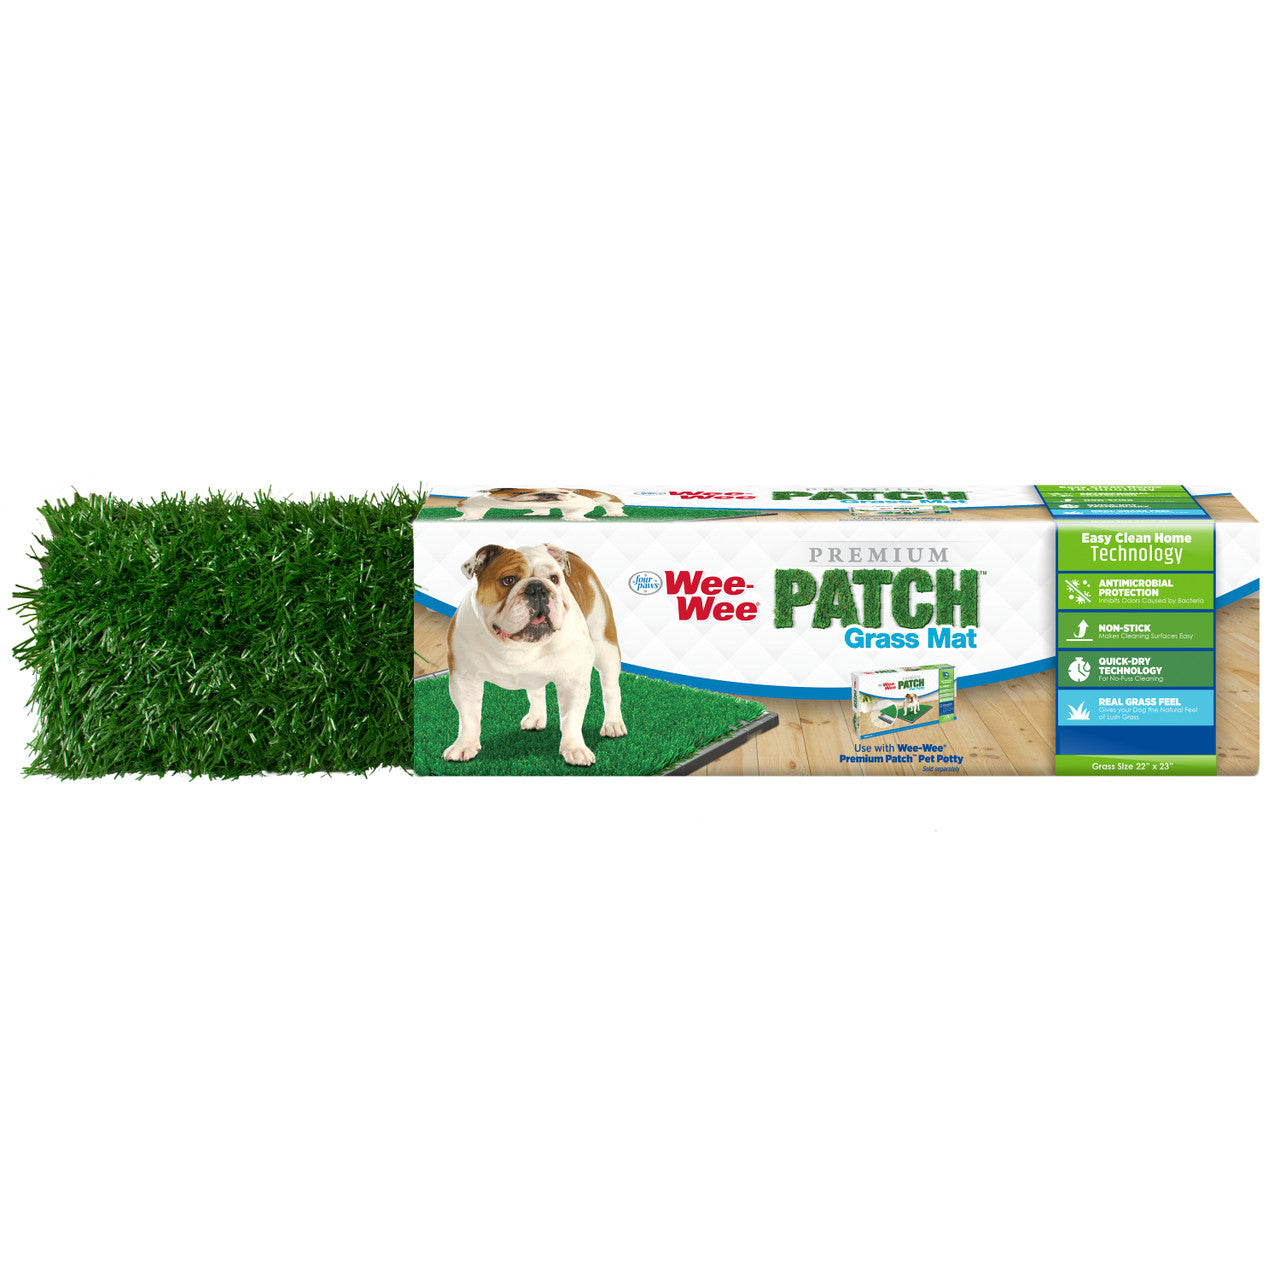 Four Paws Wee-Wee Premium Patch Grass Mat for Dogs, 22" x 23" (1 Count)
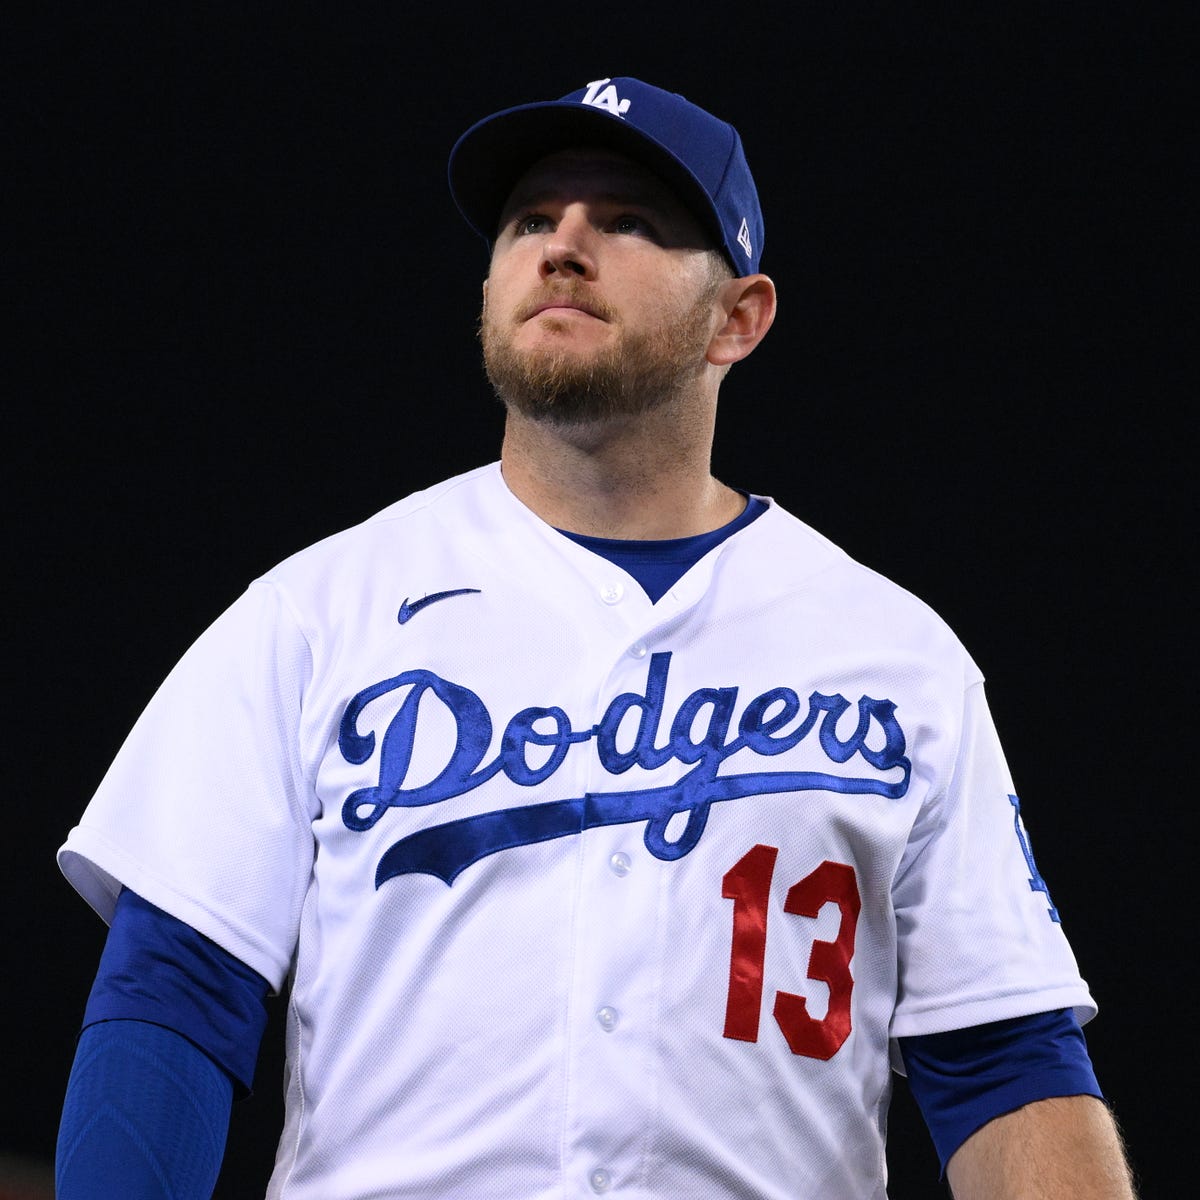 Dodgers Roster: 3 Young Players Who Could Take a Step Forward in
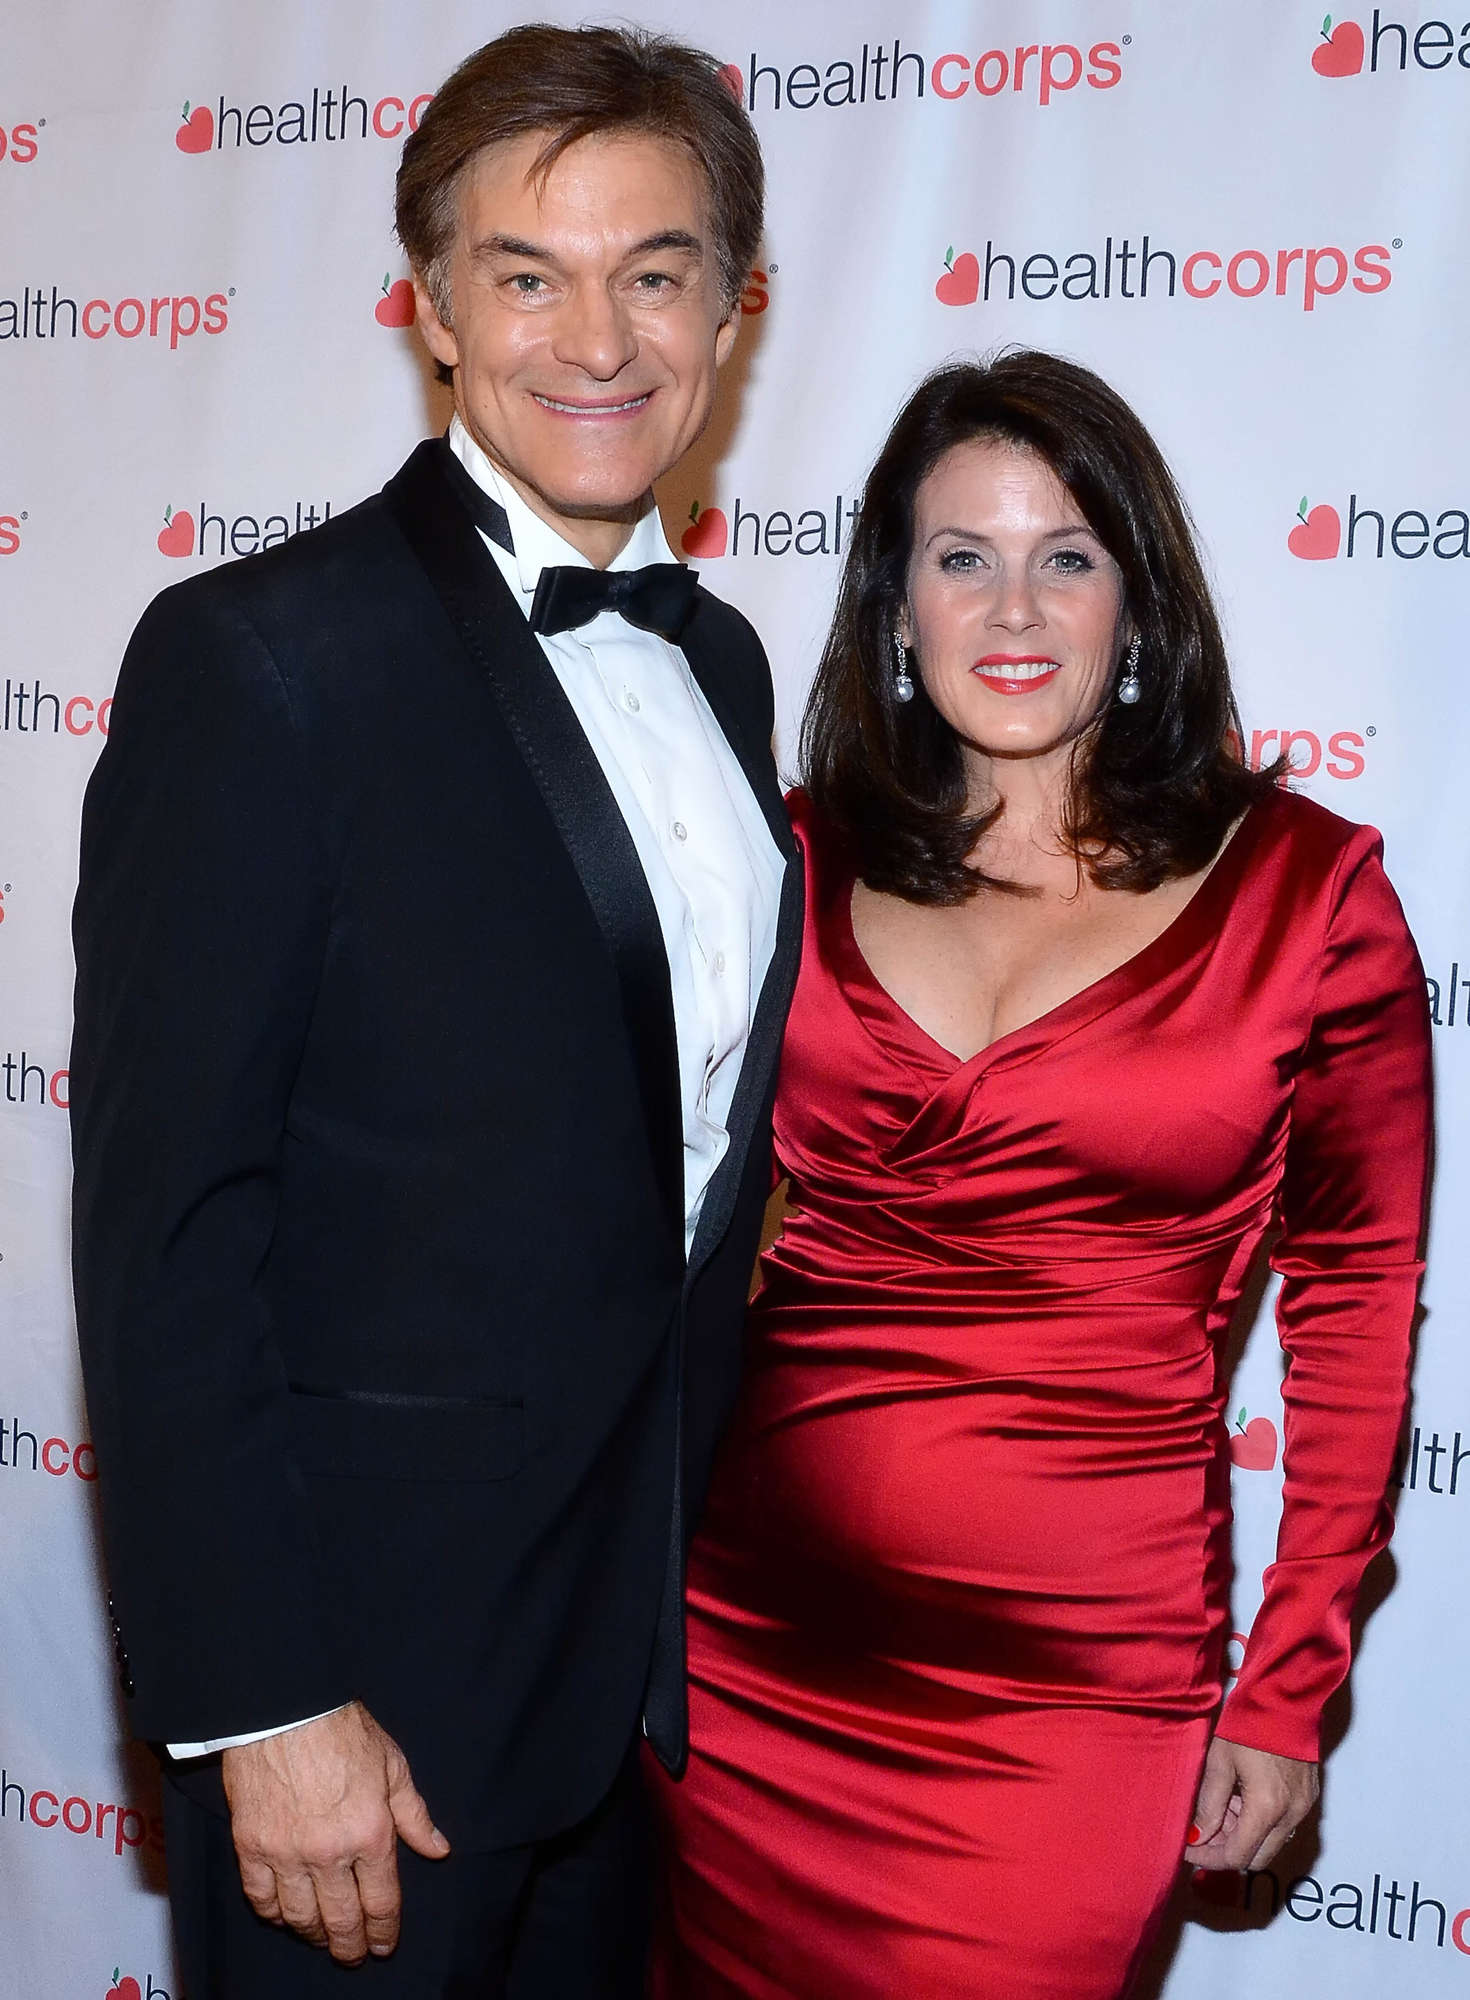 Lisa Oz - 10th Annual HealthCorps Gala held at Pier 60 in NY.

··········

TO DO
Skip all pictures. Write out only the lines from the one containing "Dodgers Roster: 3" to the end of the listing above, inclusive, exactly as given.

RESULT FOR THIS TASK
 Dodgers Roster: 3 Young Players Who Could Take a Step Forward in
 Lisa Oz - 10th Annual HealthCorps Gala held at Pier 60 in NY.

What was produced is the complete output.